Human settlements are the basis for human survival and development. They provide places for various human activities, including residence, work, education, health, culture, and entertainment . The quality of human settlements normally exerts great influence on human health and wellbeing. Over the past few decades, with the development of the economy and rapid urbanization, some issues, such as natural disasters, environmental pollution, heavy traffic, and excessive housing prices, have become increasingly prominent, which seriously affects the living quality of residents, especially in urban areas [2–5]. As a result, the urban environmental quality has received extensive attention from the academic community, as well as the governments and the public.
To describe and measure urban environmental quality, the terms of livability and related concepts such as sustainability, quality of life, and wellbeing enjoy great popularity. As the goal of urban construction and development, livability has attracted widespread attention in the field of urban planning and urban geography. However, there is still no unified definition and connotation of livability due to its interdisciplinary and multidimensional characteristics [6–8]. An initial definition of livability is proposed by Pacione  and it is defined as a quality that is not an attribute inherent in the environment but is behavior-related function of the interaction between environmental characteristics and personal characteristics. Newman  states that livability is the human requirement for social amenity, health, and wellbeing and it includes both individual and community wellbeing. In addition, Ruth and Franklin  show that livability consists of two elements: the city’s environment and the population that demands goods and services. In general, these definitions emphasize the interaction between people and the environment.

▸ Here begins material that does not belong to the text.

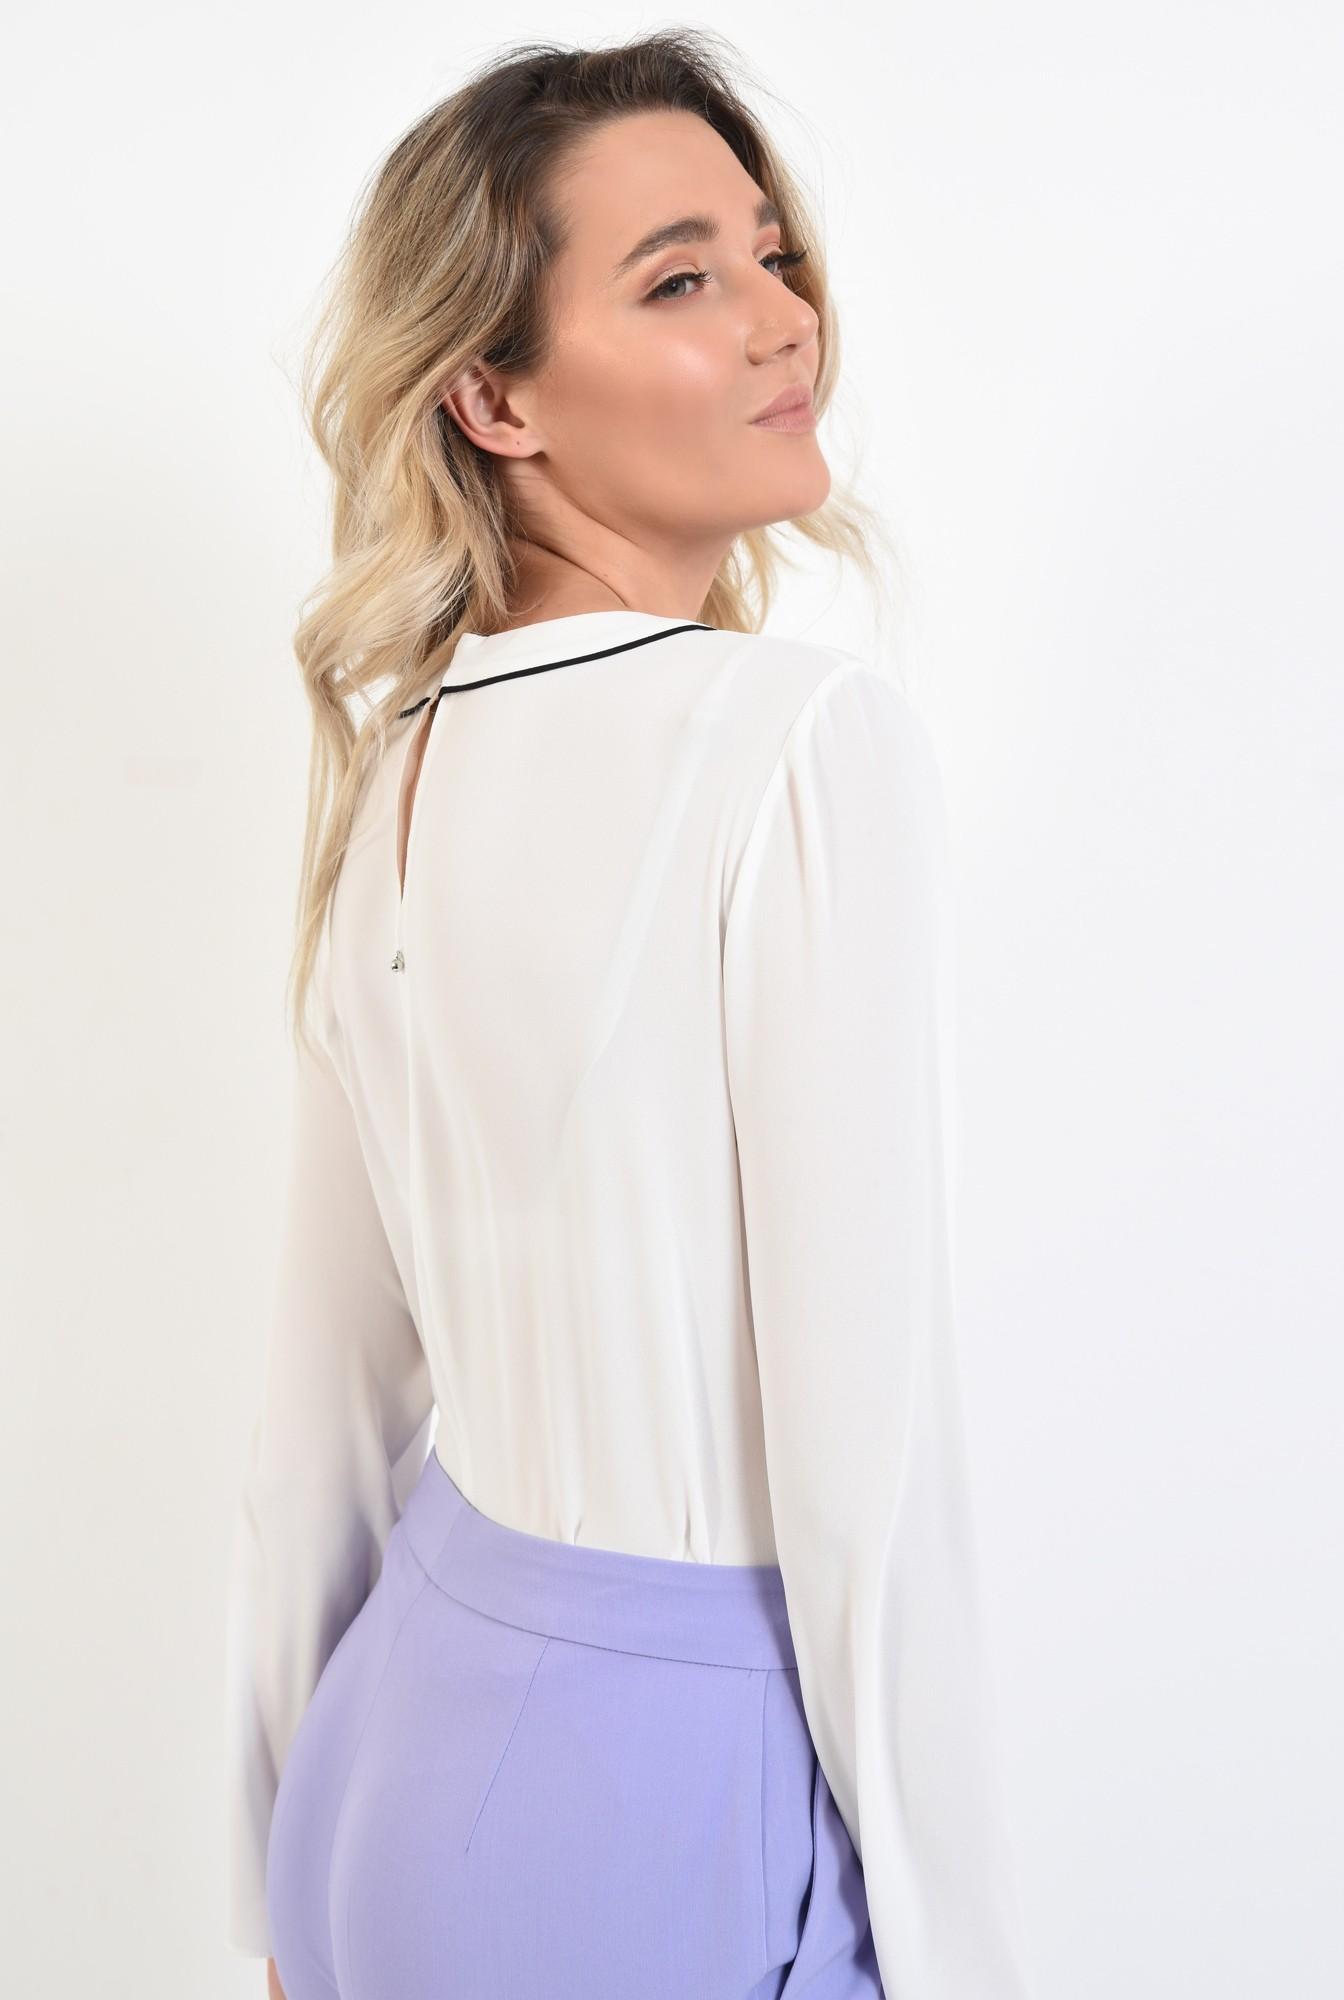 1 - bluza office, maneci lungi, funda cu borduri contrastante, alb, bluza de primavara

Consistent with the various conceptualizations of urban livability, no consensus has been reached on the measurement of urban livability to date . Numerous studies select objective indicators and construct their own evaluation framework to evaluate livability [4, 13, 14]. For example, Savageau  develops a comprehensive indicator system for evaluating the quality of the living environment in the metropolitan areas of the United States. The indicator system involved the following aspects: cultural atmosphere, housing, employment, crime, transportation, and education. Liu  examines the spatial patterns and driving factors of the urban environment from the dimensions of the physical environment, built environment, and natural hazards with a case study of Chongqing, China. Similarly, Tang et al.  construct a comprehensive evaluation system of living environment focusing on housing conditions, urban natural environments, social economy, and public infrastructure to analyze the trends in environmental quality changes and spatial differentiation characteristics of 35 major Chinese cities. In addition, some scholars and research institutions focus on ranking cities according to their livability . The Economist Intelligence Unit (EIU) has only released its global livability ranking report annually since 2010, which contains 30 qualitative and quantitative indicators from 5 dimensions of stability, healthcare, culture, environment, education, and infrastructure , while Tan et al.  advocate the Global Livable Cities Index (GLCI) to rank the world’s 64 major cities.

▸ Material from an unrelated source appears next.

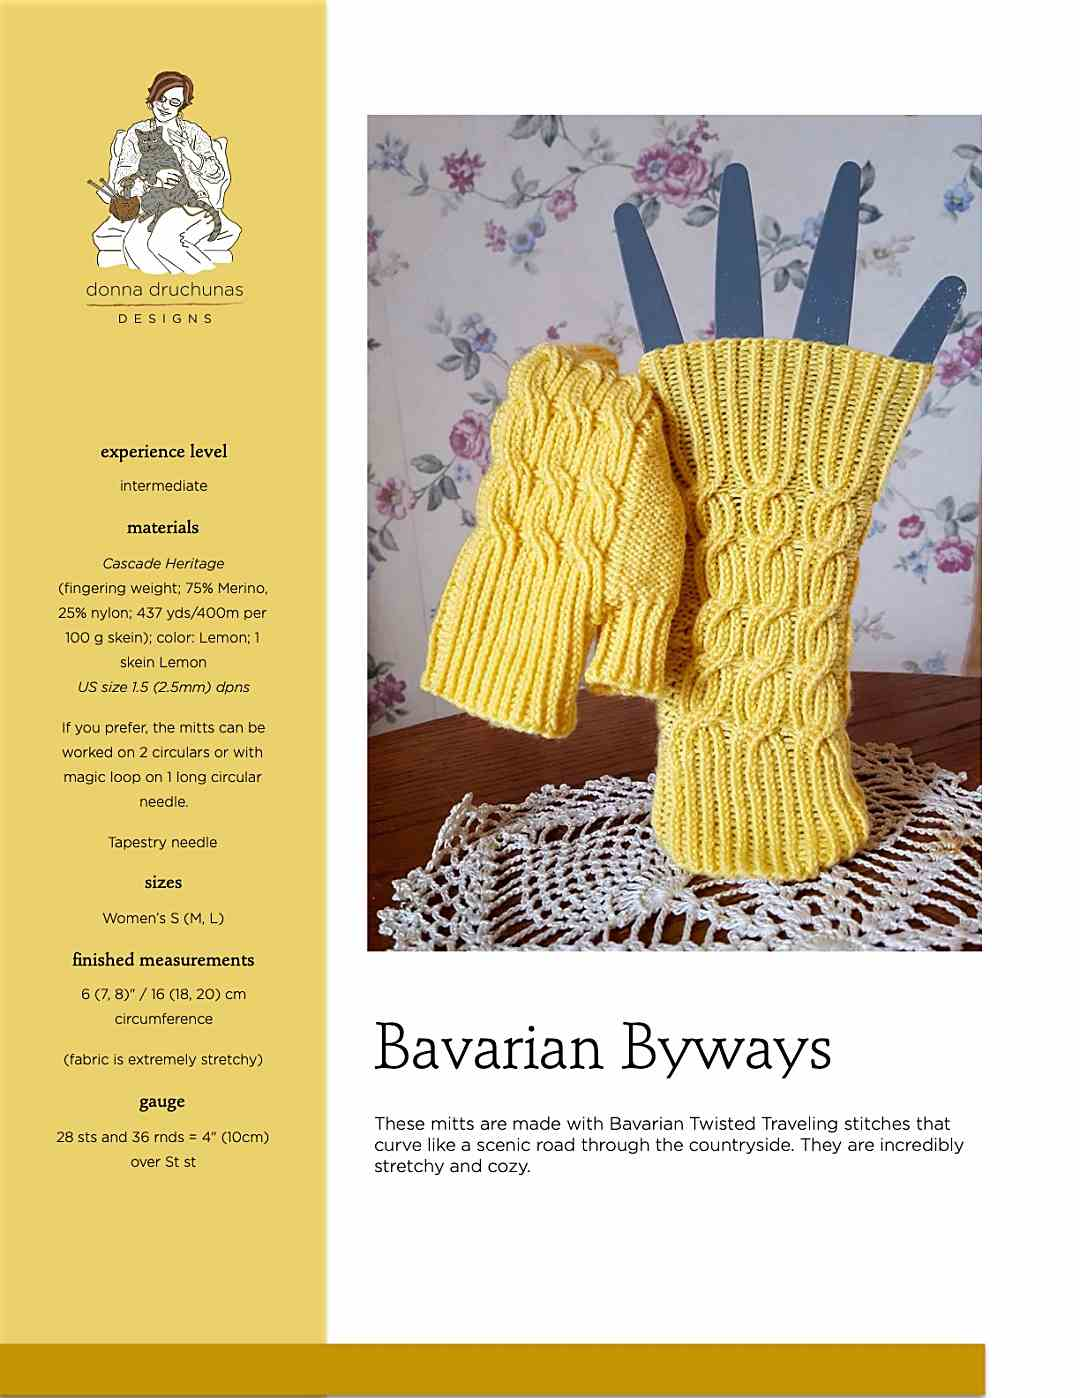 Bavarian Byways Mitts | Knitting Pattern 1

On the other hand, some studies pay attention to residents’ satisfaction with urban livability from a subjective perspective. Assessing the degree of residential satisfaction  and examining its impact factors [22, 23] are the two main aspects of existing studies, while social surveys or questionnaires are common research methods. Residential satisfaction is a complex and comprehensive process, and various factors, such as residents’ background and characteristics, neighborhood characteristics, housing quality, public facilities, or infrastructure, have been confirmed to have a significant influence [24–26]. Huang and Du  assess residential satisfaction with public housing and examined its determinants based on the Hangzhou public housing household survey. They found that the neighborhood environment, public facilities, and housing characteristics were the main factors that influenced residential satisfaction. Moreover, conducting the large-scale questionnaire surveys in 40 major cities in China, Zhan et al. explore the characteristics of satisfaction with urban livability and the effect magnitude of its determinants using the geographical detector model .

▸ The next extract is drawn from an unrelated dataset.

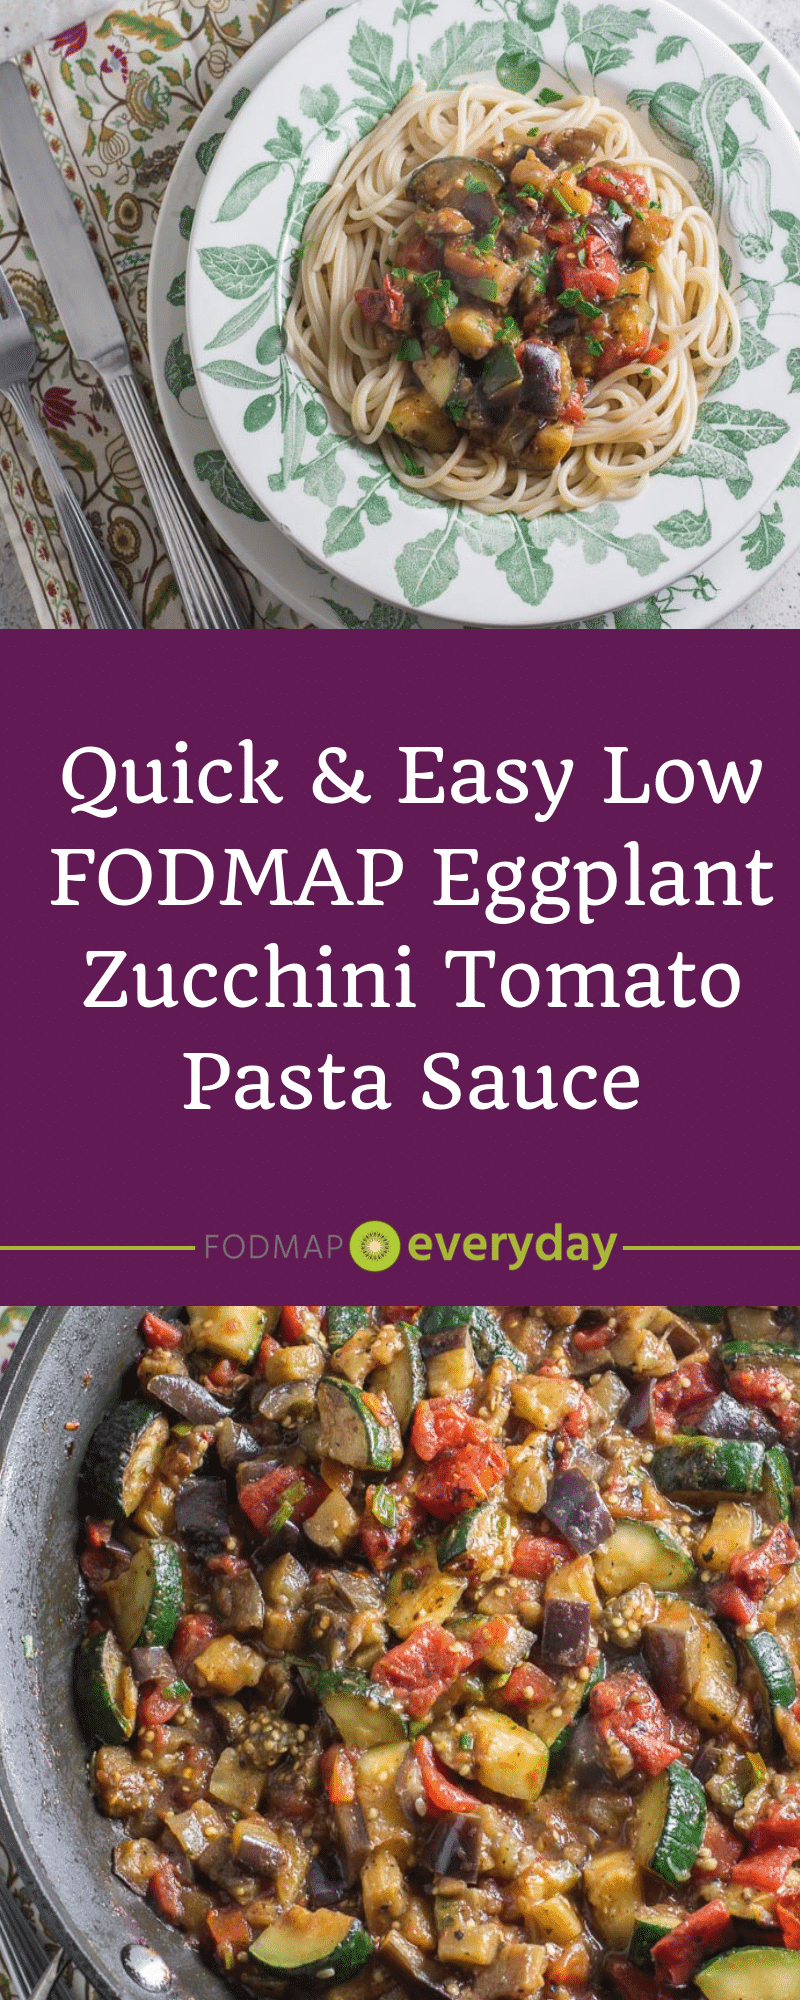 Quick Easy Low Fodmap Eggplant Zucchini Tomato Pasta Sauce

The findings of these studies offer a better understanding of urban livability in several ways. First, they provide abundant knowledge of environmental quality from various aspects and different scales. Second, the existing research frameworks and methods can be extended to other related studies. Finally, these studies provide some guidance and policy suggestions for the improvement of urban environmental quality. However, several limitations still exist. Most scholars evaluate the whole city without distinguishing intraurban differences and few studies have focused on the livability at a finer spatial scale, such as residential communities, especially in China. Against the backdrop of rapid and extensive urbanization in China, “livability” is being given an increasingly higher priority by the Chinese government [28, 29]. Different from other countries, China's urban residential areas are composed of closed residential communities, which are determined by the historical development of China’s urban residential mode. The residential community is a complete residential area divided by urban roads and not crossed by traffic arteries. Generally, a residential community has supporting facilities to meet the daily life needs of residents [30–33]. With urban sprawl and the emergence of urban centers and various subcenters, the disparities of the livable degree among different residential communities become increasingly prominent within each city. Furthermore, residents’ material living standards are constantly improving, and their requirements for living conditions have also been raised simultaneously. It is necessary to study urban livability at the community level. On the other hand, human requirements and perceptions of living environment are highlighted in the connotation of livability. They are obviously diverse due to the different characteristics and preferences of residents. Although some researches evaluate livability from a subjective perspective, there are few studies that consider the various preferences of different groups.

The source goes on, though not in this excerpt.